The family, initially awkward about even hugging and honestly expressing their feelings, evolve to becoming pillars of strength for each other, with Schitt’$ Creek no longer limiting itself to the rather shallow riches-to-rags story it started off as. Moira, played with amazing showmanship by Catherine O’Hara, may be the one bringing on the maximum chuckles (Moira, a former soap star, is a riot, especially when she struts off to Bosnia to play a, well, crow in a production of ‘The Crows Have Eyes 2’) but it’s David and Alexis’s transformation through the seasons — as well as the evolution in their relationship — that lifts the show several notches. David finds love in Patrick (Noah Reid), with the show’s non-dramatic treatment of same-sex relationships earning it many fans. David wooing Patrick with a (typically David-styled dramatic) rendition of Tina Turner’s Simply The Best is one of the show’s best moments.

The big and small

And what would Schitt’$ Creek be without its moments, big and small? Most of them, of course, belong to the Roses. Alexis — Paris Hilton with a heart — describing her various celebrity boyfriends (the range covers the gamut from Prince Harry to Harry Styles, Vin Diesel to Sean Penn) and how she was kidnapped by Somali pirates and held hostage in a Dubai palace, is insane. But she’s also the one who ends up with the maximum character development at the end of six seasons. Her staple “Ew, David” reaction to her brother is now a pop-culture phenomenon, finding its way to T-shirts and coffee mugs. So is David and Stevie’s (Emily Hampshire) blow hot-blow cold friendship, the sarcastic, “Best wishes. Warmest regards” often accompanying a conversation after they are done subtly insulting each other. In one of the final moments of the show, David and Stevie — who graduate from a one-night stand to becoming best buddies — leaning on each other and staring at David and Patrick’s dream house, the emotional moment marred by David asking Stevie if she’s used a deodorant, is well, typically David and Stevie.

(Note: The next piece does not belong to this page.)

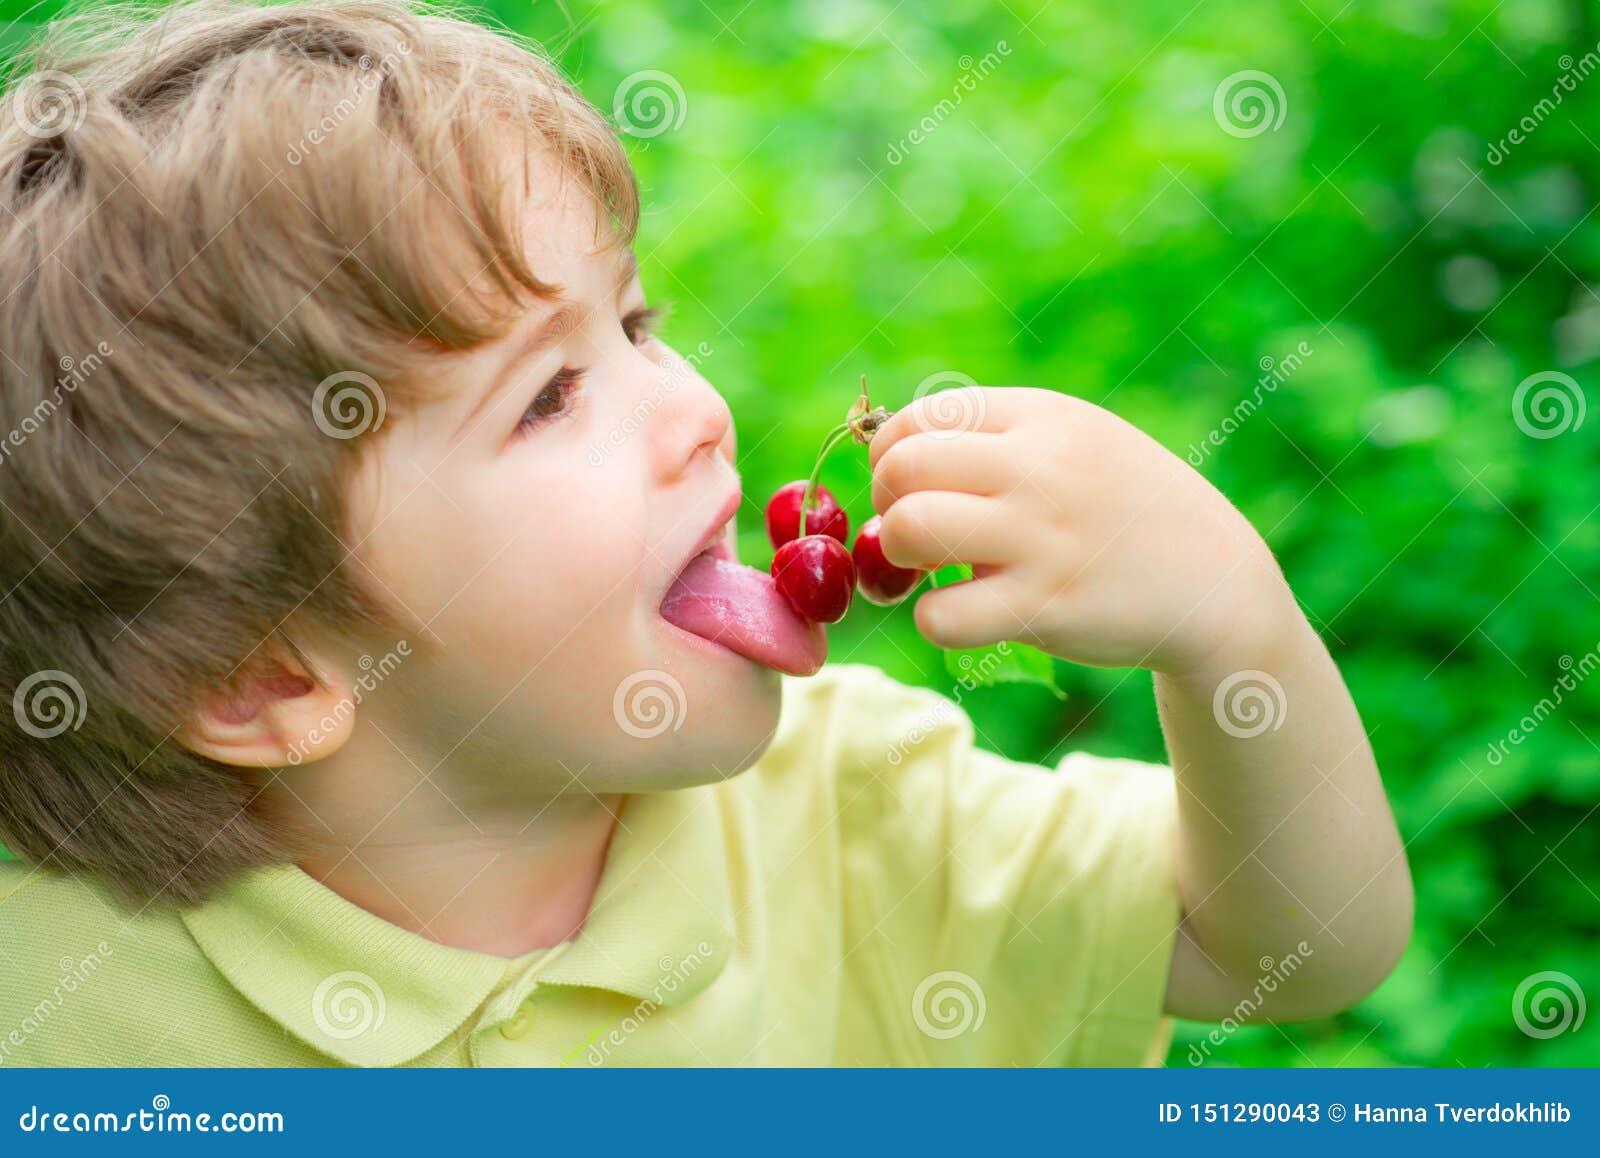 Вкус вишни Мальчик ест плоды лета Сезон вишни Плоды и ягоды для детей
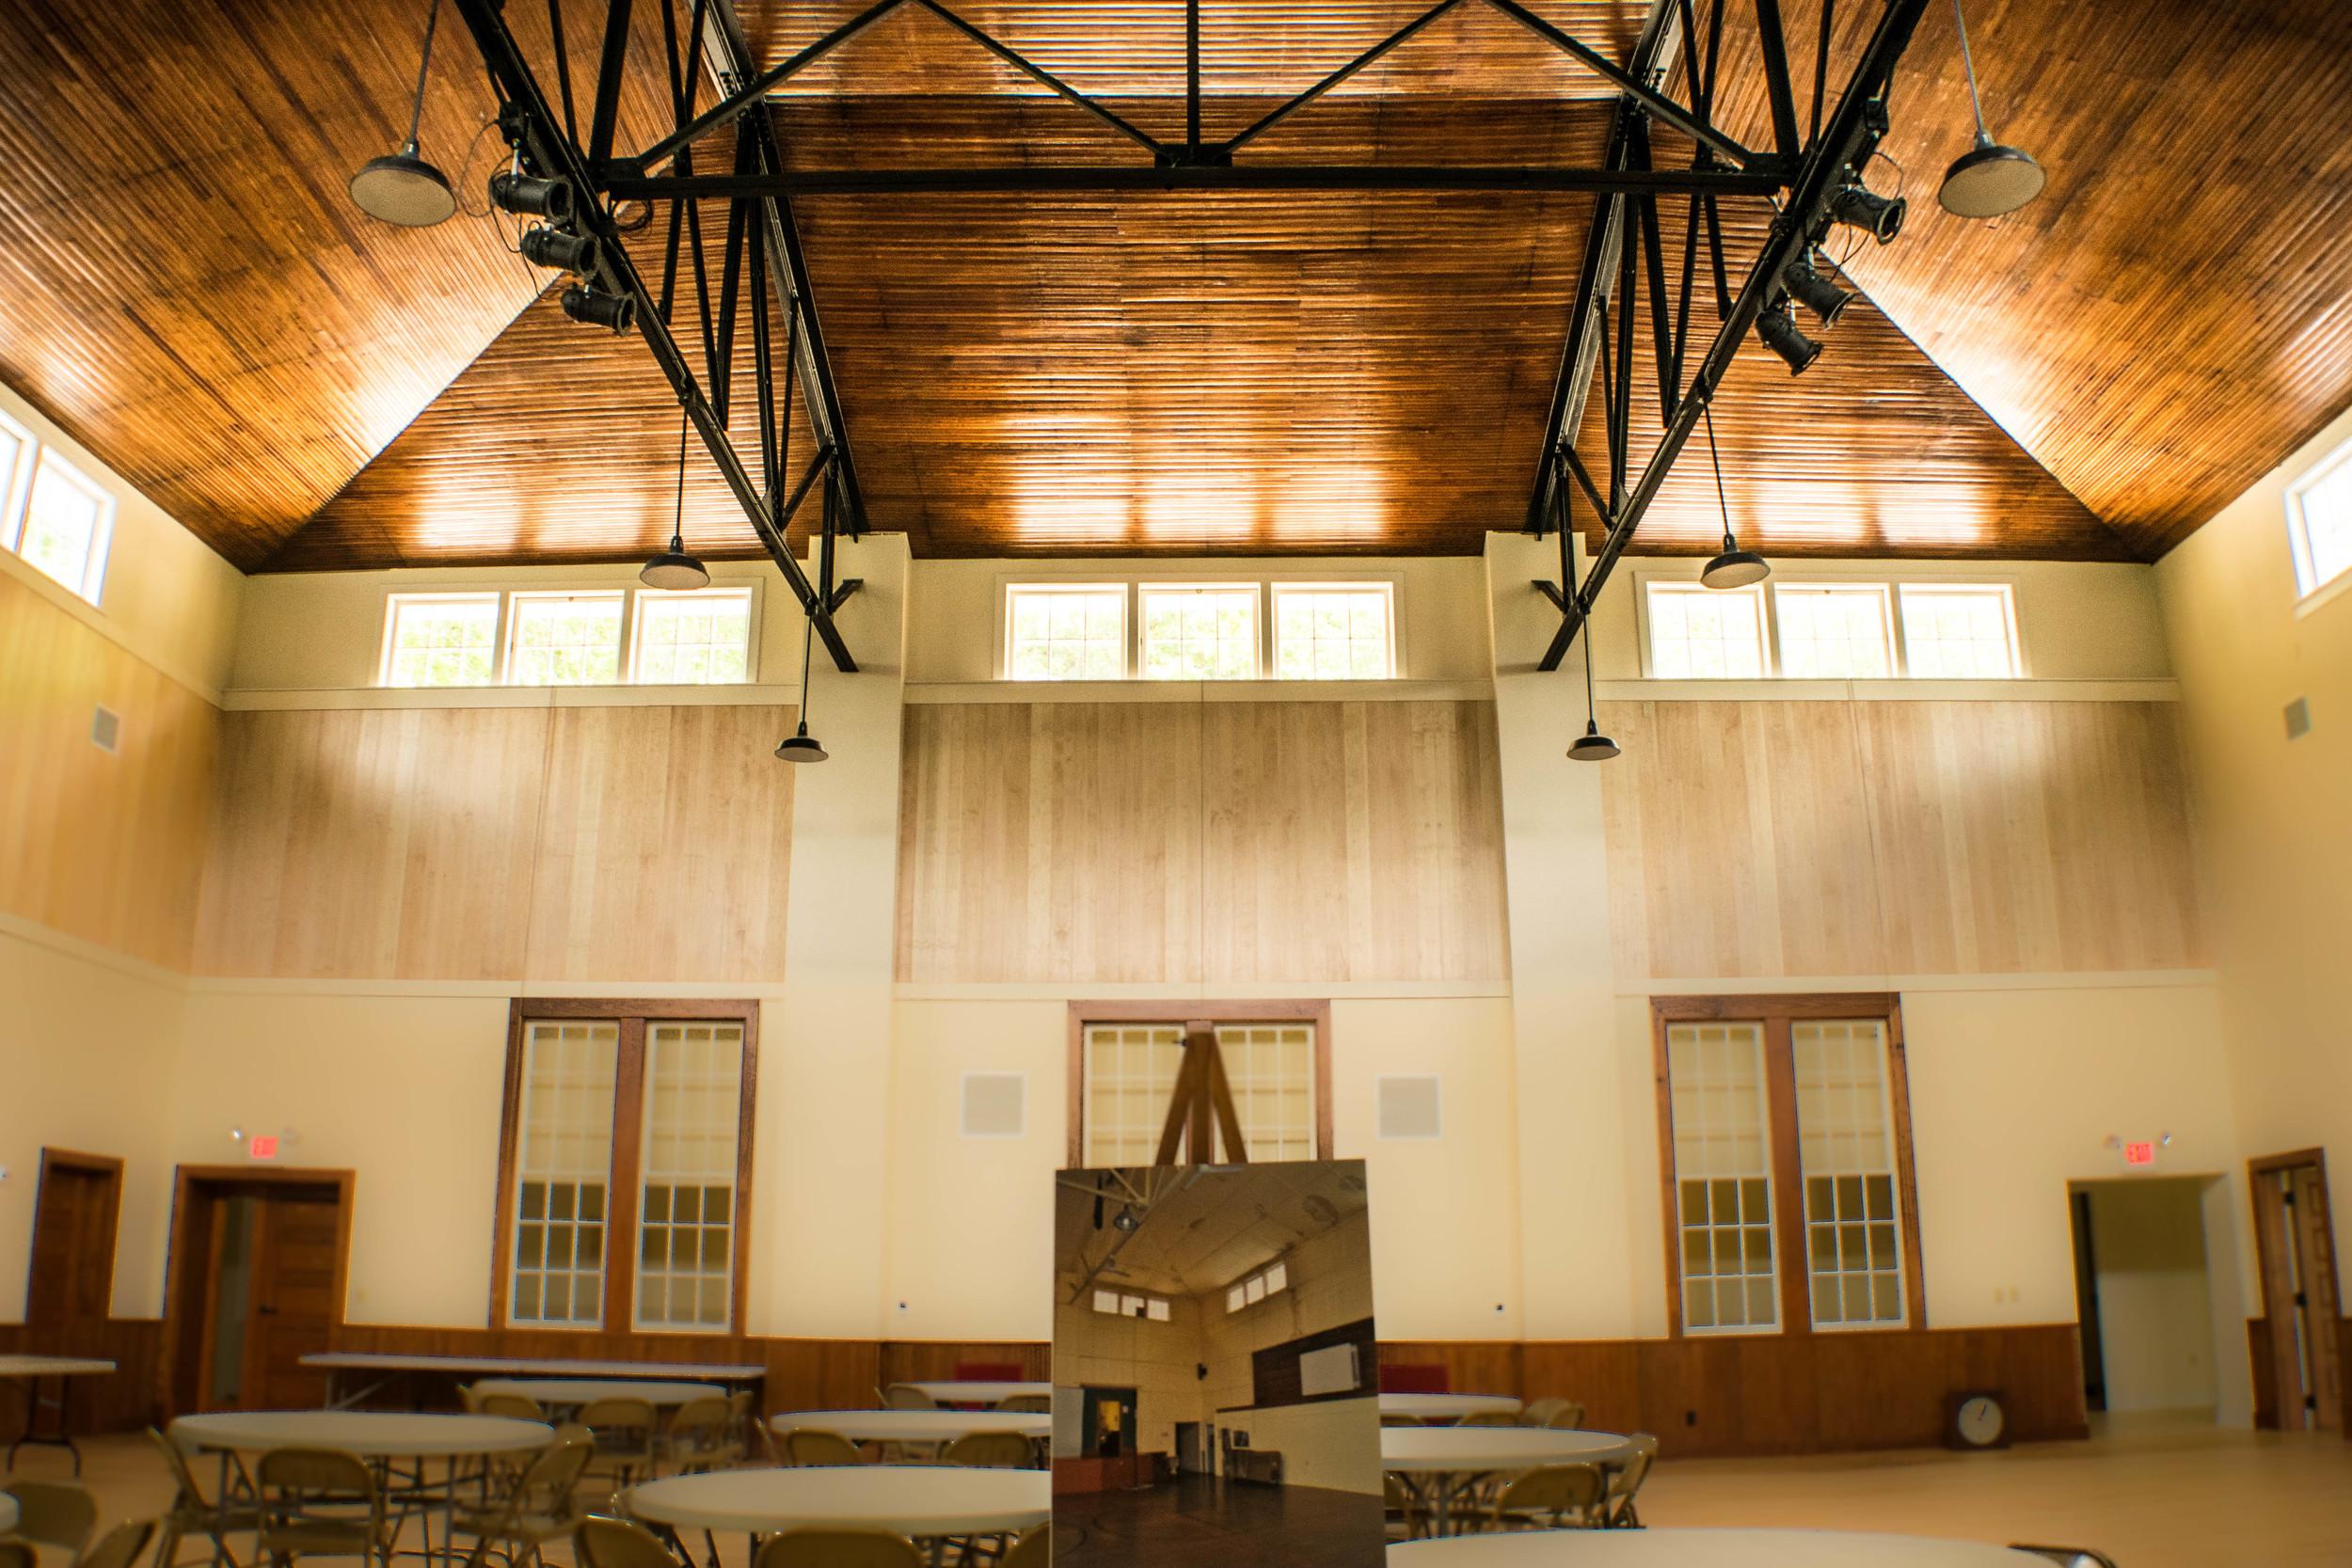 Highland Center (Interior Auditorium)

And that’s what makes Schitt’$ Creek such a winner. The Roses may be at the centre of it, but would Schitt’$ Creek have been Schitt’$ Creek without the embarrassing but heart-warming Roland, the ever-smiling Jocelyn, Ted’s

Mr Nice Guy, Bob and his strange swagger, Twyla’s stories about her mom and her mom’s multiple boyfriends, Mutt’s breathtaking handsomeness or Ronnie’s spot-on sarcasm?! It’s a rare show that works all around.

Schitt’$ sticking power

Initially rejected by HBO and Showtime before CBC aired it, Schitt’$ Creek’s global success has been courtesy Netflix picking it up and making it available for the world at one go (or what is known in streaming parlance as the “Netflix bump”). Dan Levy, who came up with the idea after merging his fascination with what would happen to the Kardashians if they lost all their money with a story involving Kim Basinger buying a town in Georgia, has relied on the show’s strong writing, coupled with ample screen space given to every character, to make it a consistent winner. That has resulted in Schitt’$ Creek not only having celebrity fans like Nicole Kidman, Jennifer Lawrence and Oprah Winfrey, among many others, but also seeing sold-out auditoriums across the world whenever the cast and crew have held ‘up and close’ tours, of course in the pre-pandemic world.

What makes Schitt’$ Creek a panacea for me, and hopefully for many others, in these troubling times is perhaps best summed up by Annie Murphy, who plays Alexis: “This show is a symbol of love and hope and inclusivity and that’s what people are thirsty for. I see no world in which people will stop wanting those things.” Just add the laughs. And yes, Season 7, please!